© Masson, Paris, 2004
Arch. mal. prof., 2004, 65, n° 2-3, 272-283
Jeudi 10 juin après-midi
Sommeil, vigilance et travail Responsables : D. LÉGER (Paris), P. PHILIP (Bordeaux)
TEXTES DES EXPERTS Troubles du sommeil et santé au travail. Approche épidémiologique D. LÉGER, E. PRÉVOT, A. METLAINE Consultation de pathologie professionnelle et Centre du sommeil de l’Hôtel Dieu de Paris.
Les liens entre sommeil et travail sont évidents. Les journées de semaine conjuguent traditionnellement 8 heures de travail, 8 heures de sommeil et 8 heures de « temps libre », se résumant souvent au trop fameux « métro-boulot-dodo ». Les conditions de travail agissent de manière démontrée sur le sommeil par des facteurs physiques (bruit, température, lumière), psychologiques (stress, charge de travail, relations interpersonnelles), organisationnelles (travail de nuit, travail posté). Inversement de la qualité du sommeil, dépend la qualité de vie au travail et le risque d’accidents du travail ou d’erreurs médicales. Il est donc naturel que la plainte de mauvais sommeil soit fréquente en médecine du travail : les enquêtes rapportent que 20 à 70 % de salariés se plaignent de mauvais sommeil au cours des visites de médecine du travail. Pourtant, le sommeil est peu pris en charge dans le milieu de travail.
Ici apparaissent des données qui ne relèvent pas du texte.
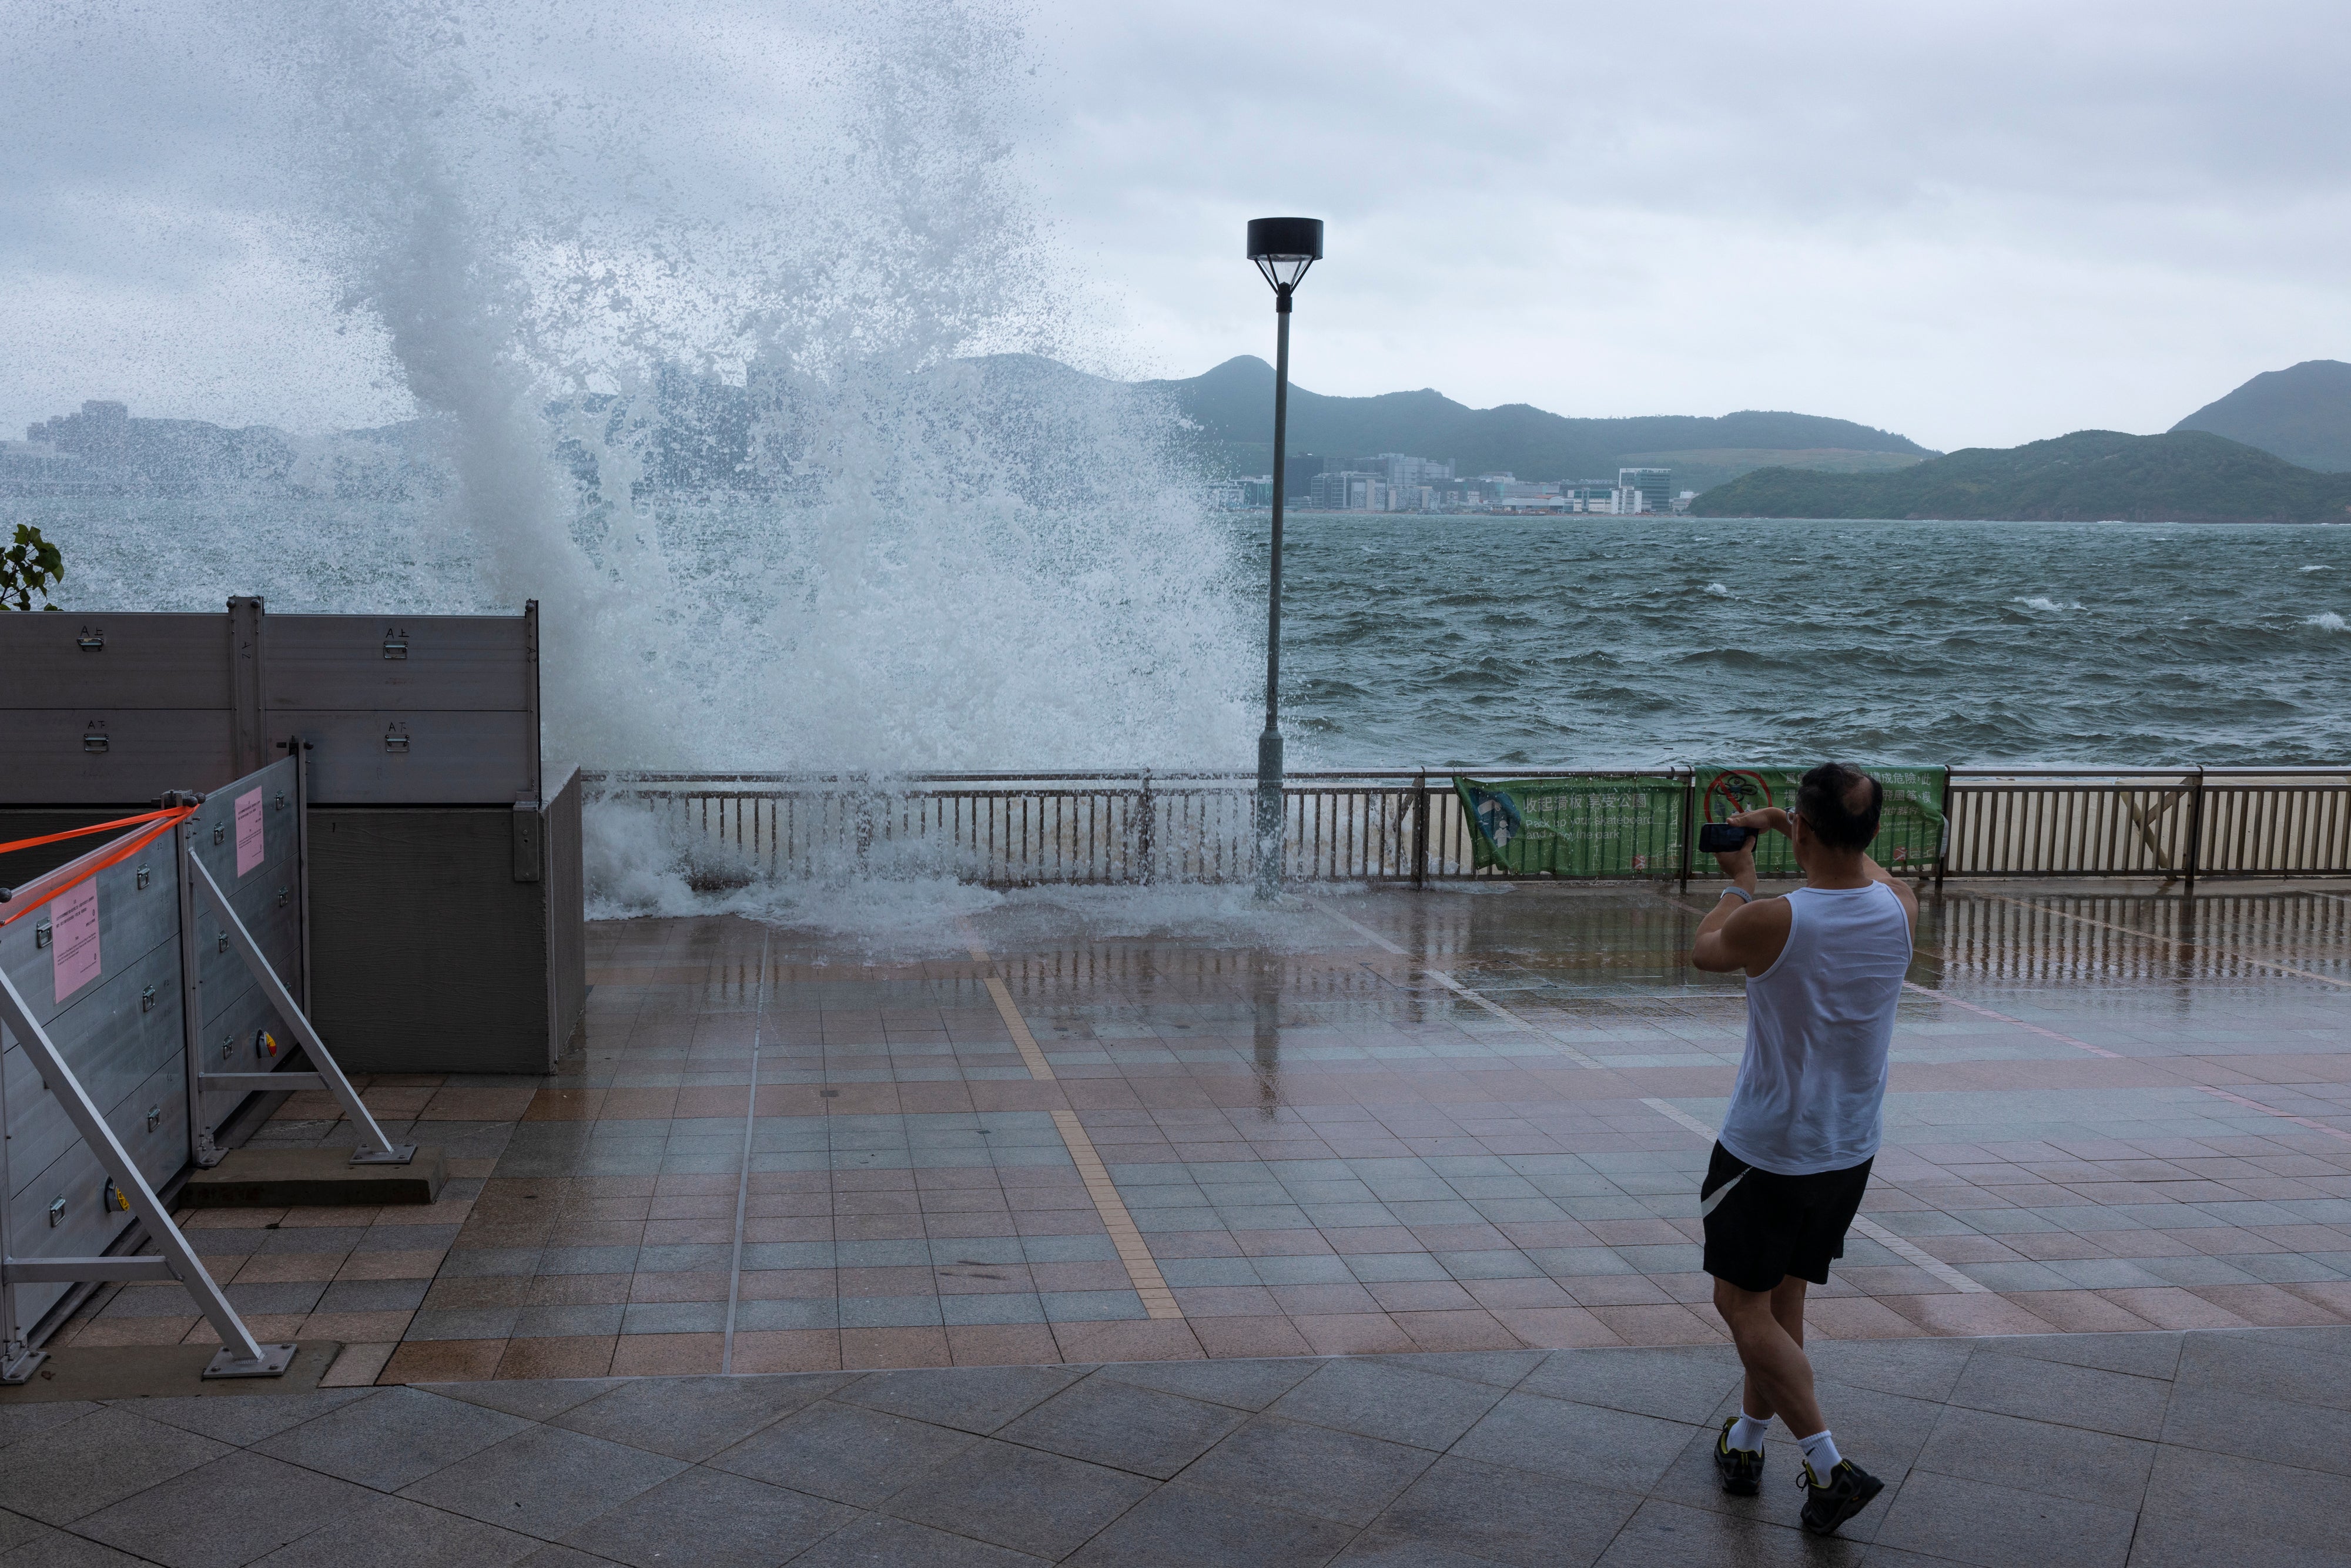 A man looks at the waves on a promenade during a typhoon in Hong Kong

Il reste du domaine privé, même si un nombre non négligeable d’entreprises organisent le sommeil de leurs employés (gardes, déplacements, logements collectifs). Dans la plupart des cas, on l’ignore et on se contente de réprouver les épisodes de sommeil survenant à des moments inappropriés pendant la journée. Certains troubles du sommeil concernent pourtant spécifiquement le travail : − soit parce que leurs conséquences sont non négligeables pour l’aptitude au travail (hypersomnies) ou sur la qualité de vie au travail (insomnie), − soit parce qu’ils résultent des conditions de travail : travail posté, décalage horaire, charge physique ou mentale de travail. Pour le praticien, cette relation entre travail et sommeil revêt une importance particulière. Il est en effet important de considérer les implications sur le travail d’une pathologie du sommeil, car elle peut en faire la gravité.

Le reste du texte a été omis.